Practice is Richard Berlin’s third book of poetry (two of which are chapbooks) in addition to two prose books. It contains 64 poems and is fronted by an essay, “Why Doctors Need Poetry”. A few pages of notes at the end helpfully explain the context for 15 of the poems. As Dr. Berlin explains at the beginning of his opening essay: “Most of the poems in this volume first appeared in my column, ‘Poetry of the Times,’ a feature of Psychiatric Times”, which, at the time of publication of this volume he had been writing for 16 years.

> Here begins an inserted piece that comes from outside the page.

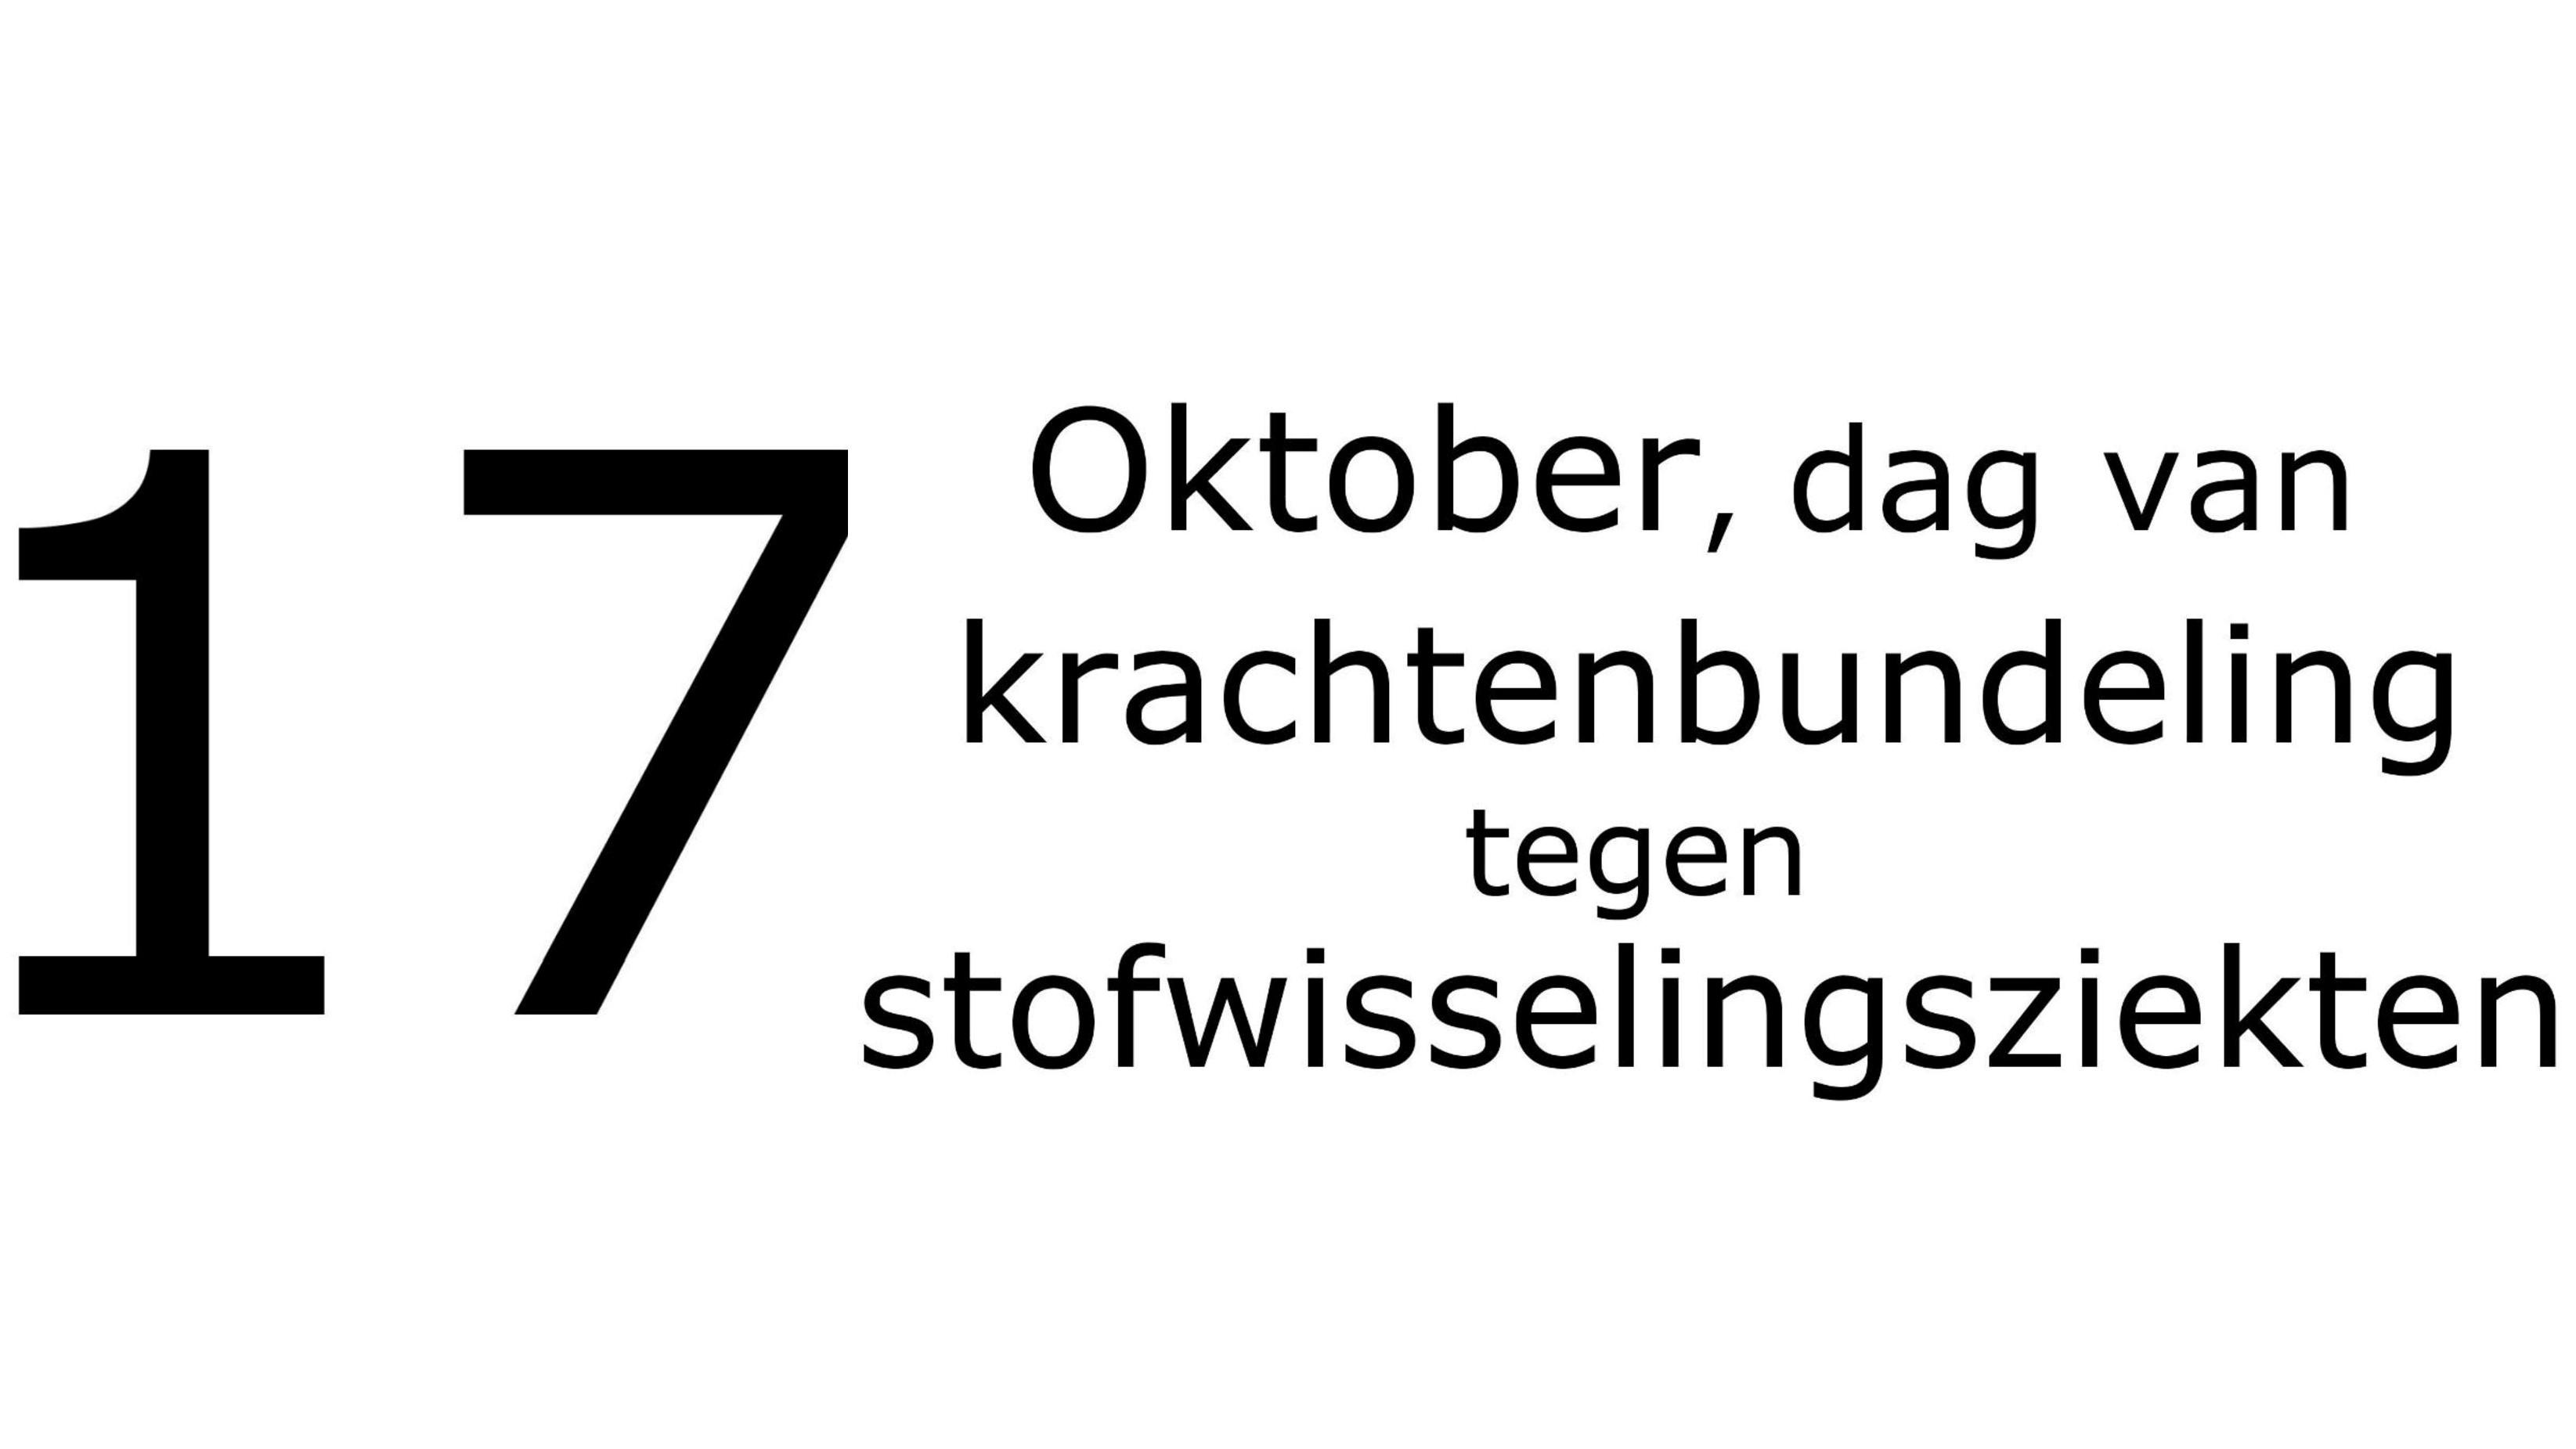 zwart wit logo 17 oktober

This—and many more poems in other journals, anthologies, and books— all from a man who began writing poetry in “mid-life”. Evident in the poems in this collection is a person experiencing much more than medical/psychiatric practice, but a full cornucopia of life: his love of art, music, food, nature, and the people he shares this bounty with. The collection, presented in three sections, weaves through all of these rich encounters, with only the final section, the shortest of the three, having more of a focus on family, friends and late of the year poems.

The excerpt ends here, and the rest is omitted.